The tool reads alignment data from either a SAM/BAM file or stdin and outputs trimmed alignments to stdout in SAM format by default.

### Required Arguments

- `BEDFILE`: BED file containing the amplicon primer scheme in [v3](https://doi.org/10.5281/zenodo.16366659) format. 

### Optional Arguments

#### Input/Output Options

- `--samfile`, `-s` : Sorted SAM/BAM file containing the aligned reads, if this is not provided (or '-') then 'align_trim' will read from stdin.
- `--output`, `-o` : Output file path. Format determined by extension (.sam/.bam). If not provided or '-', writes SAM to stdout

#### Processing Options

- `--normalise`, `-n` : Normalise to target depth N per amplicon using a greedy per-read algorithm. Each read is kept only if it brings the amplicon depth closer to the target. Use 0 for no normalisation (default: 0)
- `--min-mapq`, `-m` : Minimum mapping quality to keep an aligned read (default: 20)
- `--primer-match-threshold`, `-p` : Add this many bases of padding to the 5' end of primer coordinates to allow fuzzy matching for reads with barcodes/adapters (default: 35)

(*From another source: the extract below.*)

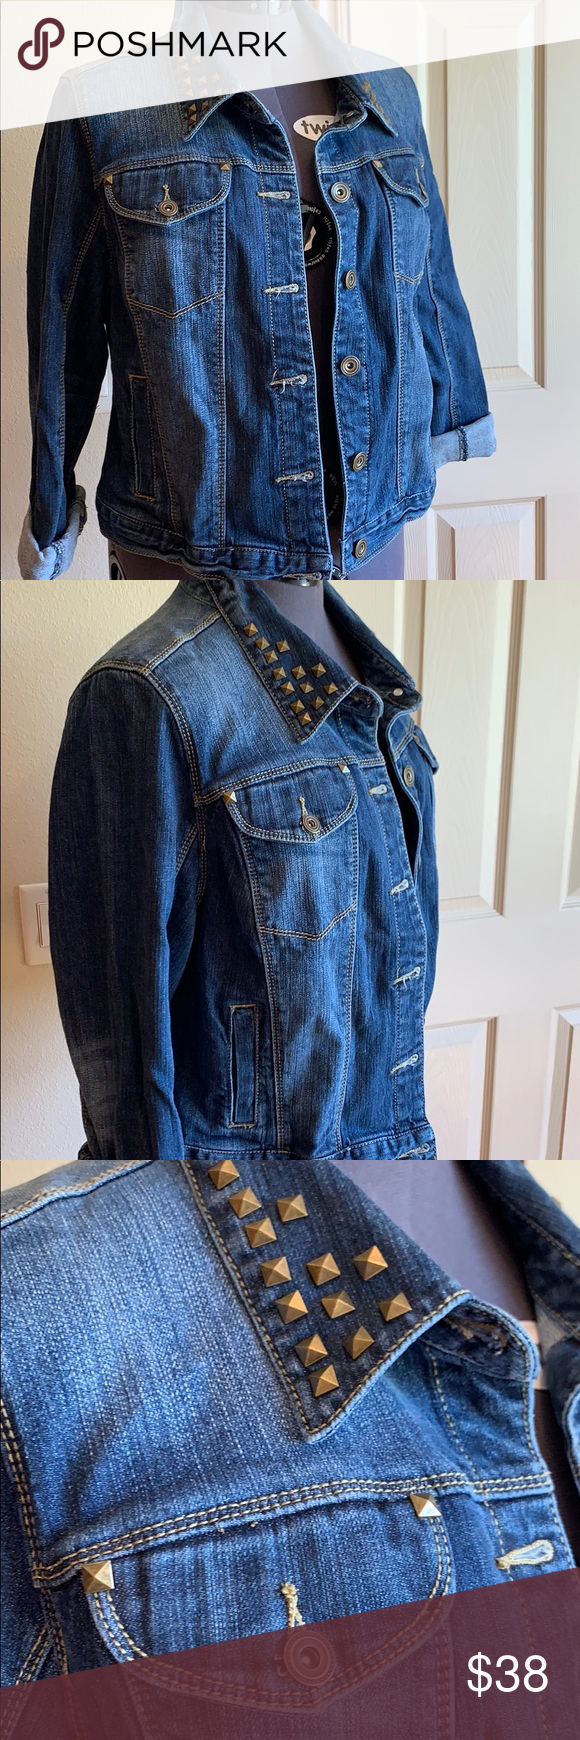 Lane Bryant 14 Denim Jacket Clothes Design Denim Jacket Fashion [ 1740 x 580 Pixel ]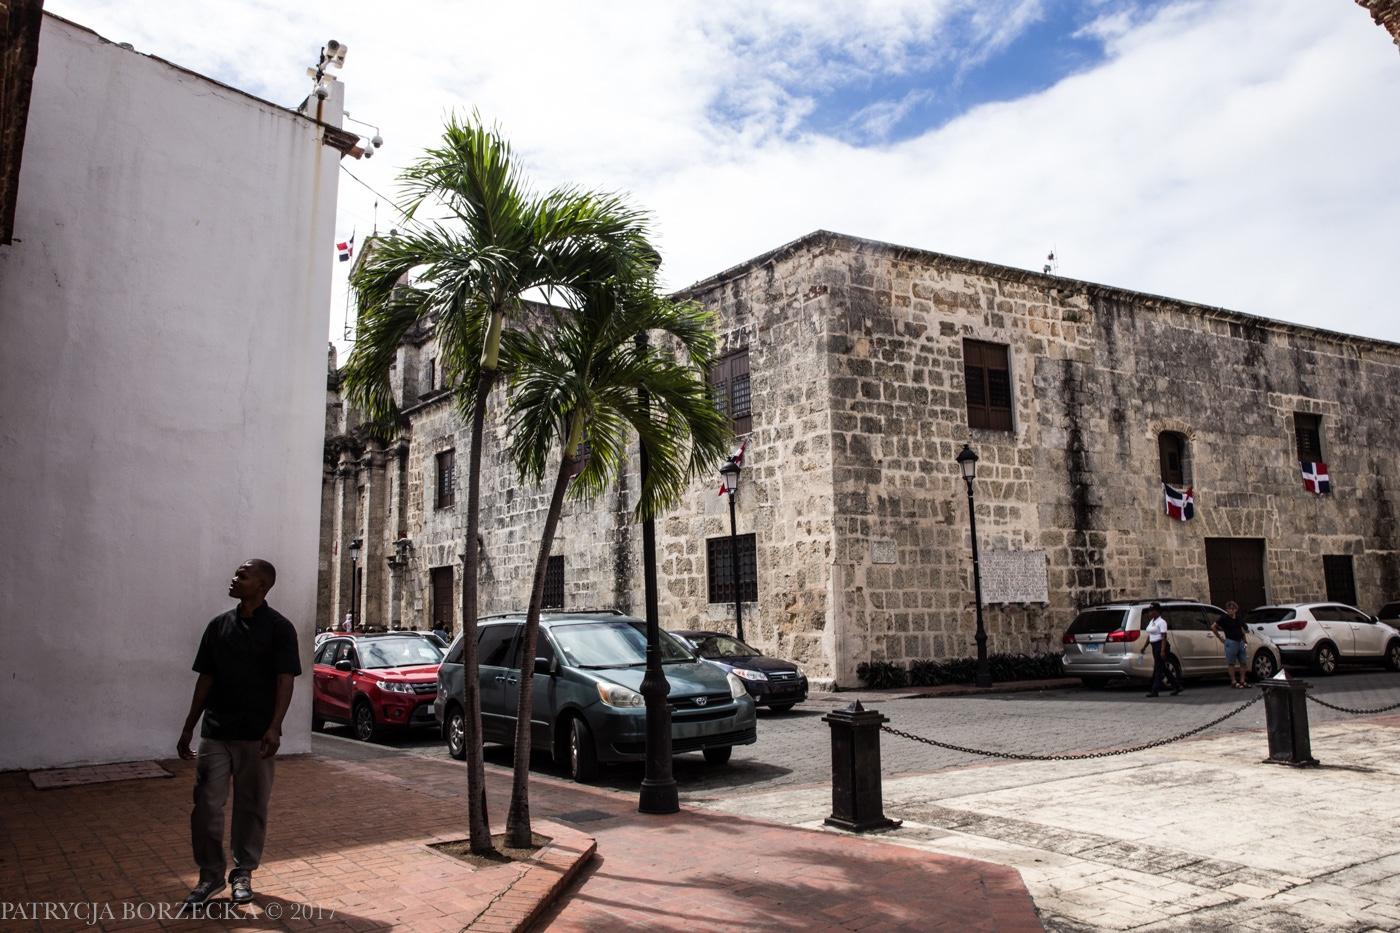 Patrycja-Borzecka-Photo-Santo-Domingo-Zona-Colonial-08

#### Primer and Read Handling

- `--no-trim-primers` : Do not trim primers from reads (by default, primers are trimmed)
- `--allow-incorrect-pairs` : Allow reads to be assigned to amplicons even if primers are not correctly paired
- `--require-full-length` : Require all reads to start and stop in primer sites (do not use with rapid barcoding)

#### Output and Reporting

- `--report`, `-r` : Output detailed report TSV to specified filepath
- `--amp-depth-report`, `-a` : Output mean depth for each amplicon as TSV to specified filepath
- `--no-read-groups` : Do not divide reads into pool-based read groups in SAM/BAM output

#### General Options

- `--verbose`, `-v` : Enable debug mode with detailed logging to stderr
- `--version` : Show version information
- `--help` : Show help message

### Examples

#### Basic trimming with primer removal
```bash
align_trim primers.bed --samfile input.bam --output trimmed.bam
```

#### Normalize coverage and generate reports
```bash
align_trim primers.bed --samfile input.bam --normalise 100 \
  --report alignment_report.tsv --amp-depth-report depth_report.tsv \
  --output normalized.bam
```

#### Process from stdin with verbose output
```bash
samtools view -h input.bam | align_trim primers.bed --verbose > trimmed.sam 2> verbose.out.txt
```

#### Strict full-length read filtering
```bash
align_trim primers.bed --samfile input.bam --require-full-length \
  --min-mapq 30 --output filtered.bam
```

#### Allow mismatched primer pairs with custom threshold
```bash
align_trim primers.bed --samfile input.bam --allow-incorrect-pairs \
  --primer-match-threshold 50 --output relaxed.bam
```

### Output Formats

The tool supports multiple output formats based on file extension:
- `.sam` - SAM format (text)
- `.bam` - BAM format (binary, compressed)
- No extension or `-` - SAM format to stdout

### Report Files

When using `--report`, a tab-separated file is generated with the following columns:
- `chrom`: Reference chromosome/contig
- `QueryName`: Read name
- `ReferenceStart`/`ReferenceEnd`: Alignment coordinates
- `PrimerPair`: Primer pair assignment
- `Primer1`/`Primer2`: Individual primer information
- `CorrectlyPaired`: Boolean indicating proper primer pairing
- Additional alignment metrics

The `--amp-depth-report` generates a summary of coverage depth per amplicon.